Since blockchain technology runs on top of traditional IT systems, many traditional IT security risks and best practices apply. Some of the overlaps between IT and blockchain security include the following:

  • Node Security: The blockchain runs on nodes, which are traditional computers. Malware, data exfiltration, Denial of Service (DoS) attacks, and other threats to traditional IT computer systems also apply to blockchain nodes.
  • Network Security: The blockchain’s peer-to-peer network runs over traditional IT networks. Distributed DoS (DDoS) attacks against blockchain nodes, border gateway protocol (BGP) hijacking, and other network-level threats can impact the performance and security of a blockchain-based system.
  • Application Security: Blockchain systems are implemented as software that runs on a distributed network of blockchain nodes. This blockchain software may contain exploitable vulnerabilities or be vulnerable to DoS attacks that restrict access to CPU, memory, or network connections.
  • Web Security: Many DeFi projects have their backends hosted as smart contracts on the blockchain but interact with users via traditional websites.
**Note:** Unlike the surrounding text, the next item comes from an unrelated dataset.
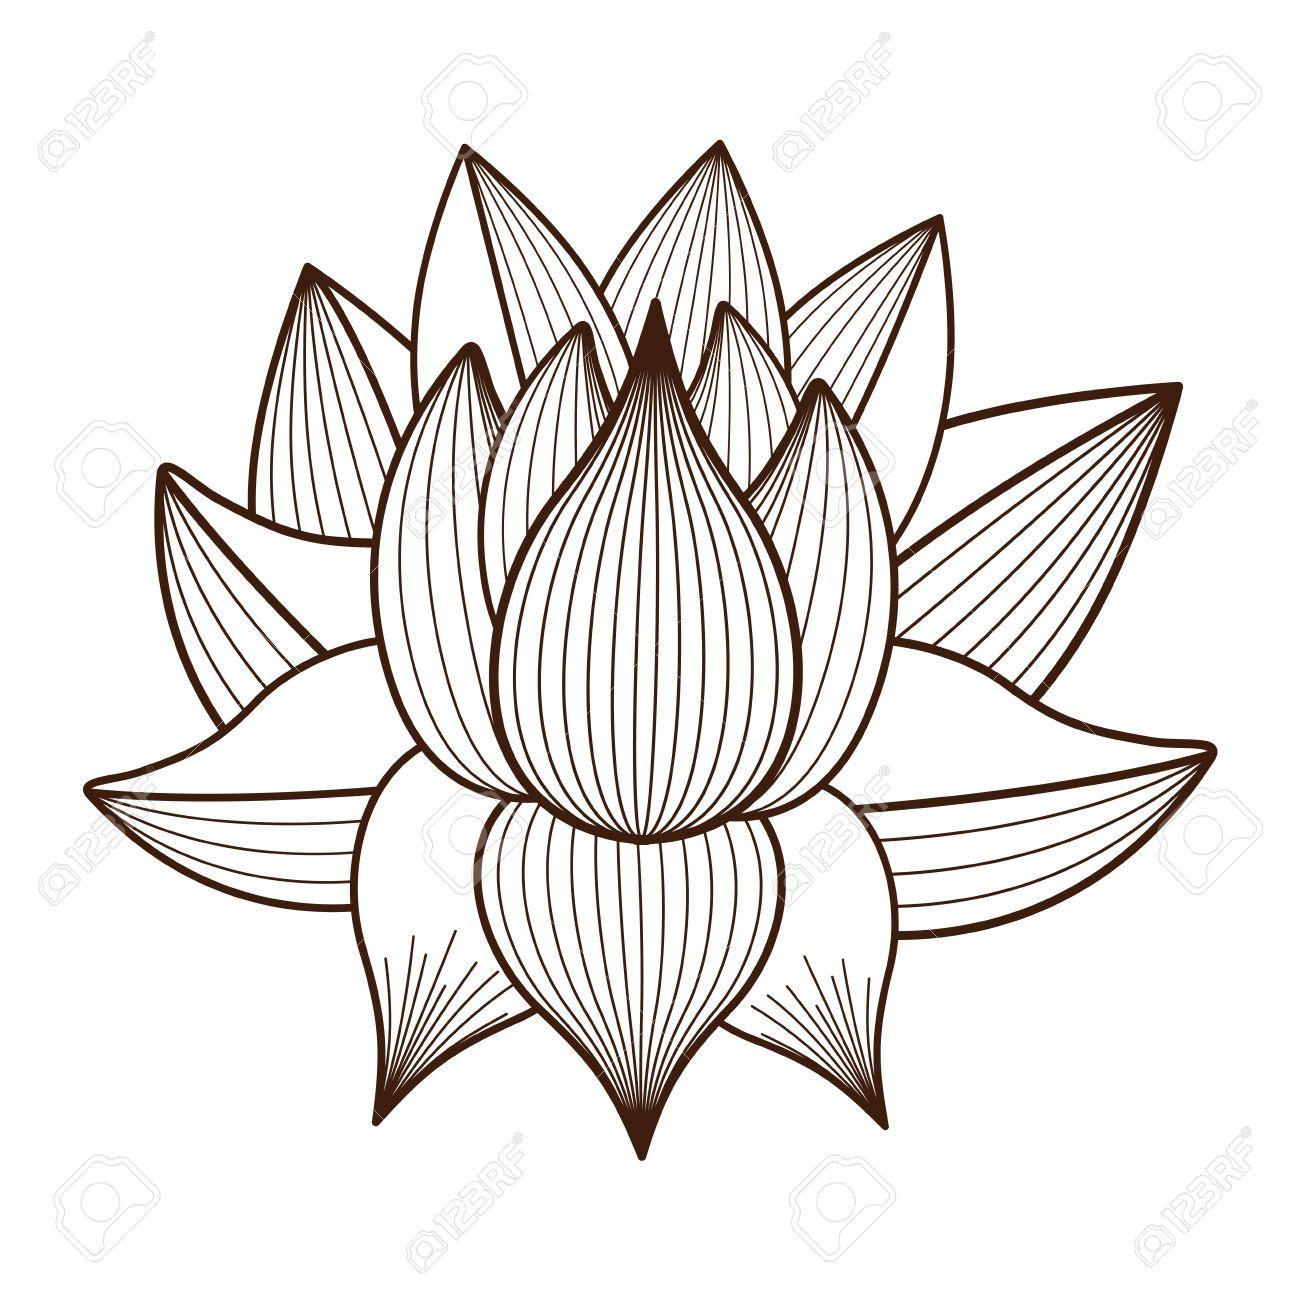 Lotusbloem Tekening Geisoleerd Pictogram Ontwerp Vector Illustratie

Cross-site scripting (XSS), injection, and other web security threats are common attack vectors for these Web2 frontends.

Blockchain’s reliance on traditional IT systems means that many IT security threats and best practices still apply. If the computers, networks, and websites that make blockchain-based projects operate are attacked, this impacts the security of the blockchain as well.
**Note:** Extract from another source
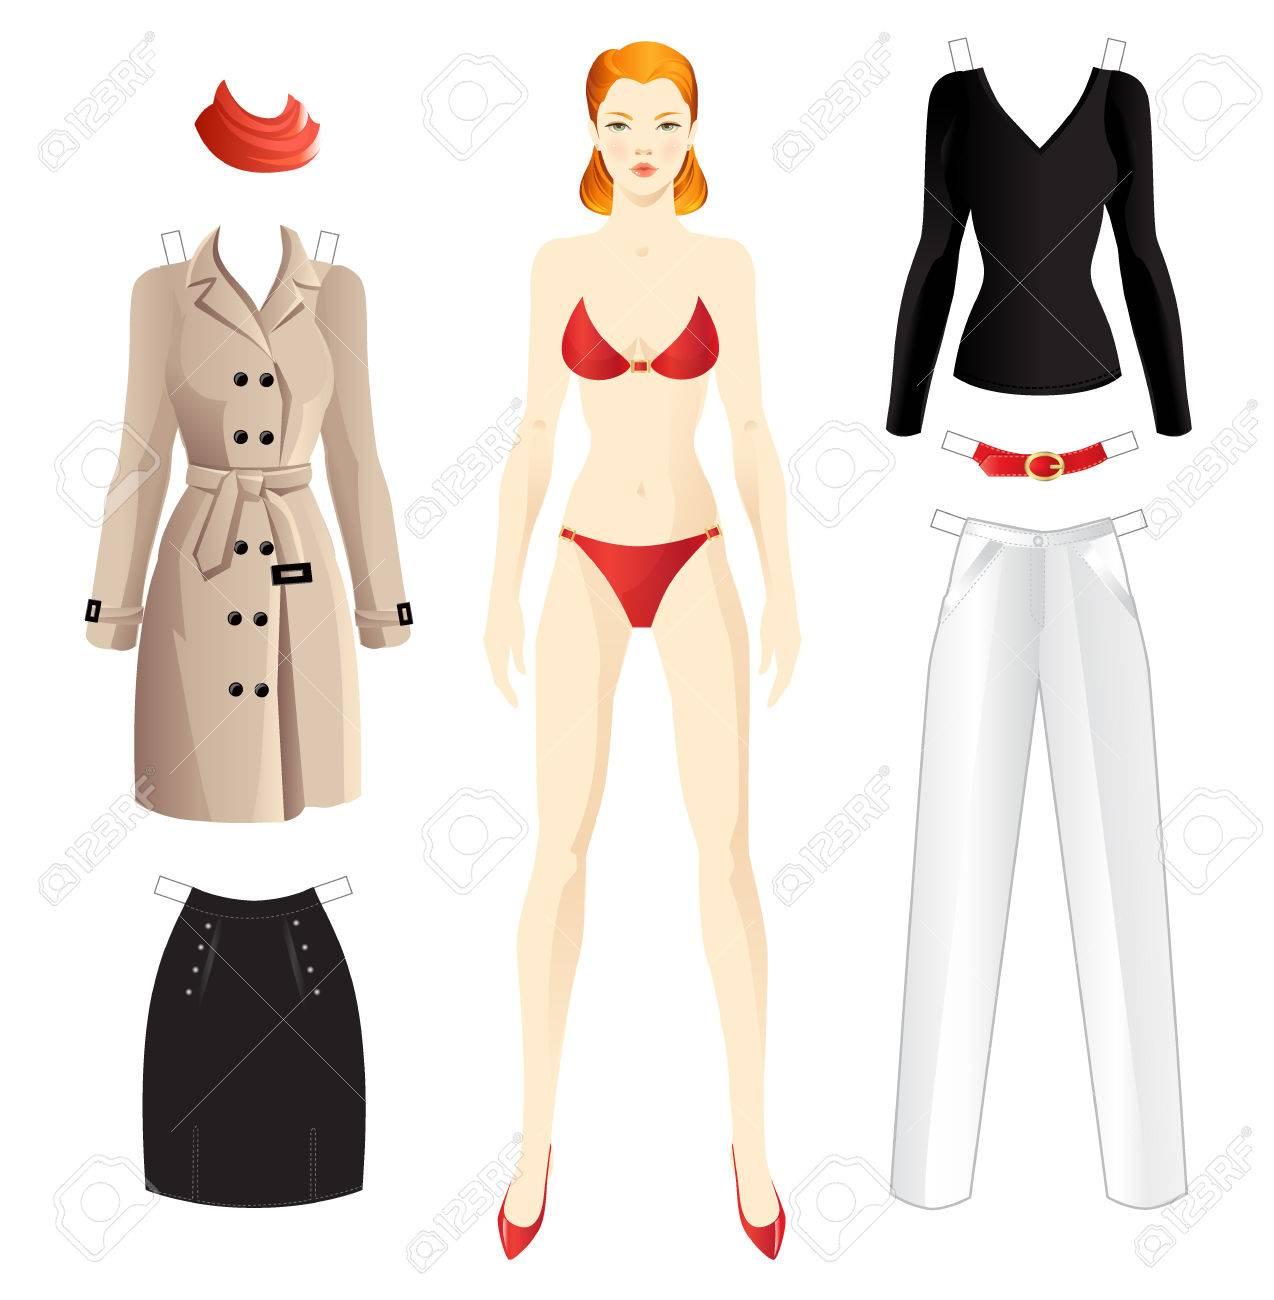 Puppe Mit Kleidung. Körper Vorlage. Kleidung Für Frauen. Set-Vorlage ...

However, the blockchain infrastructure stack does not end at the application level. Blockchain software creates a new ecosystem on top of IT nodes and networks that includes:

  • Consensus algorithms
  • Smart contract platforms
  • Layer 2 protocols
  • Cross-chain bridges

Traditional IT security controls and best practices only go so far toward securing blockchain platforms. Blockchain accounts, smart contracts, and applications (DeFi, NFTs, etc.) need security controls and best practices designed for them as well.

Blockchain Security vs. IT Security

Blockchain ecosystems and traditional IT environments are very different. As a result, many of the security challenges and best practices differ significantly between the two. Here are some of the main ways in which blockchain and IT security diverge for node operators.

Perimeter Security

Historically, IT security has primarily been focused on perimeter security. Based on the assumption that most threats originate from outside of the network, organizations deploy security solutions such as firewalls, intrusion prevention systems (IPS), and other tools at the boundary of the corporate network. By blocking potential threats at the network perimeter, they reduce the probability and costs of a security incident.
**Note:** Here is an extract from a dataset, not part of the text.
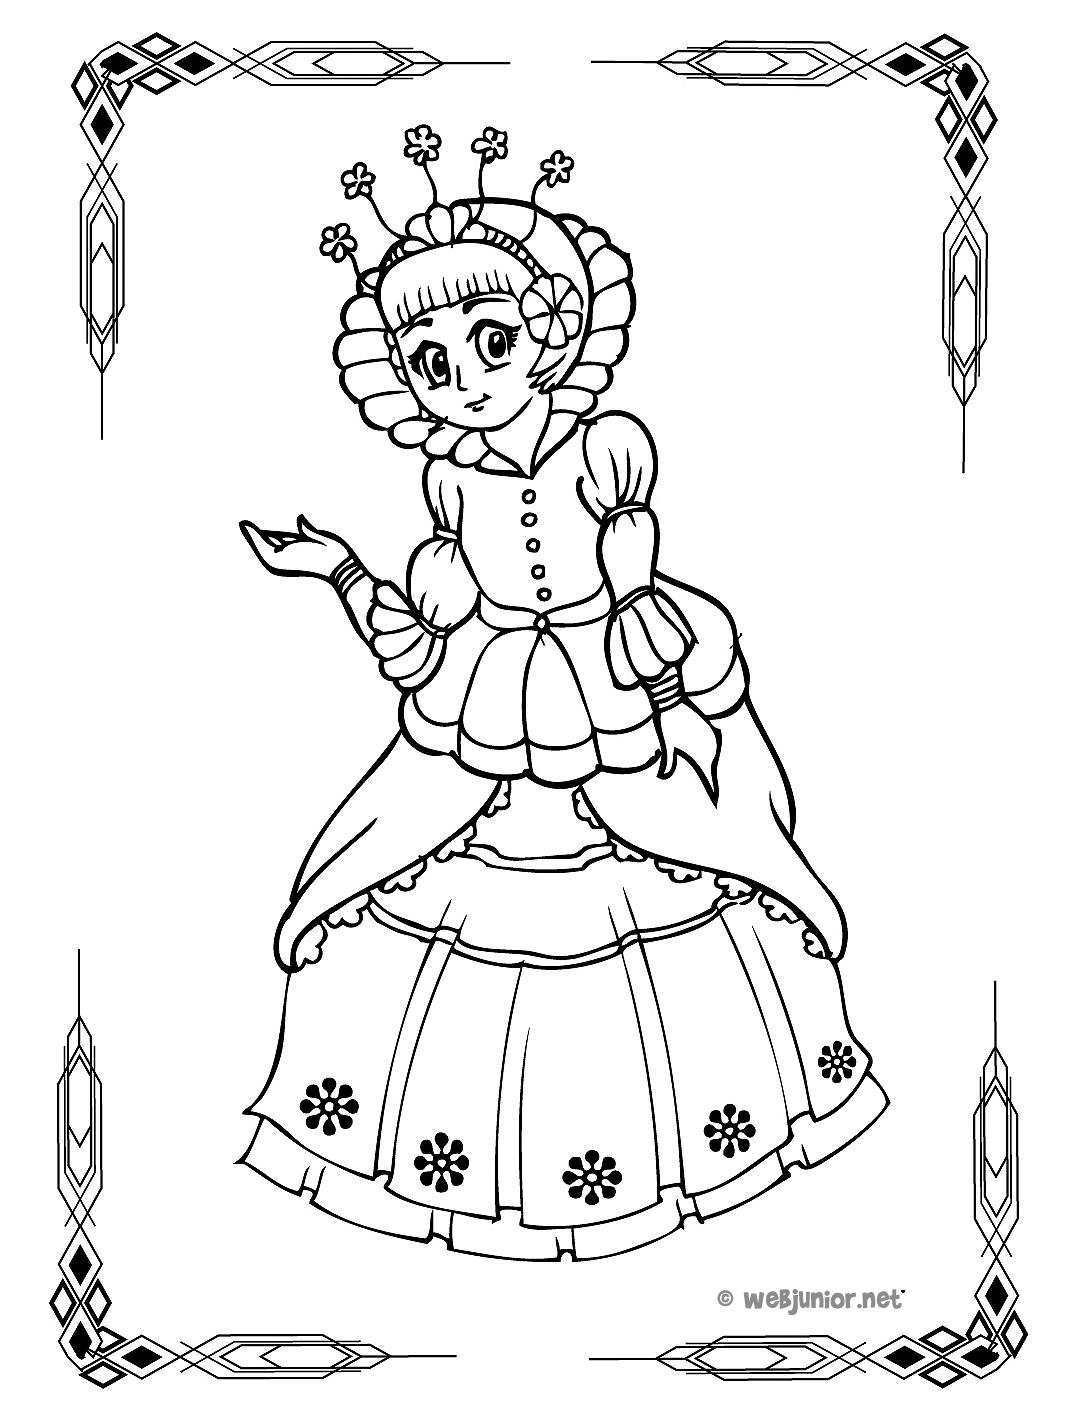 Une Jolie Princesse : Coloriage Princesses Gratuit Sur Webjunior destiné Dessin Chateau Princesse

While the perimeter is dissolving in corporate IT with the growth of the cloud, it never existed in blockchain technology in the first place. Most blockchains are public blockchains that anyone can join and participate in. Transaction processing and storage are distributed, and anyone can operate a blockchain node. As a result, many of the traditional IT security solutions and controls used to protect the corporate network perimeter do not apply in the blockchain space.

Vulnerability and Patch Management

All software can have bugs, and some of these bugs are exploitable vulnerabilities.  The blockchain implements multiple different layers of software (the blockchain software, smart contracts, cross-chain bridges, etc.), creating multiple opportunities for vulnerabilities.

In traditional IT, vulnerability management processes are often centralized and well-defined.  After a vulnerability has been reported to a software manufacturer, the company develops and releases a patch for the issue.  While some patches may be applied manually, other updates are automatically pushed to the manufacturer’s software.

In the blockchain space, node operators can run any software that does its job and complies with the current version of the blockchain protocol.  As a result, blockchain networks can be composed of multiple blockchain software with operators running varying versions of each.

The heterogeneity and decentralization of blockchain networks make vulnerability and patch management more complex than for traditional IT systems.  The responsibility lies with node operators to identify if a patch is needed and available, and no central authority has the ability to compel operators to patch their systems.  As a result, unless an update includes a hard fork that breaks backward compatibility, nodes may continue to run versions of the blockchain software that place themselves and the health of the blockchain network at risk.

Identity Management

Identity and access management (IAM) is a complex process in traditional IT systems. Some of the main challenges of IAM in traditional IT include the following:

  • Verifying User Identities: User authentication is essential to effective access control. Many organizations are turning to multi-factor authentication (MFA) and password authentication to ensure that users are who they claim to be.
  • Managing Access: After the identity of an employee, customer, or other user is validated, they are granted limited access based on their role. Implementing effective access management is the goal of the zero-trust security movement.
  • Digital Signature Validation: Digital signatures are commonly used to validate the integrity and authenticity of data and to authenticate users. Companies commonly implement public key infrastructure (PKI) to create, distribute, and validate digital certificates to support the use of digital signatures.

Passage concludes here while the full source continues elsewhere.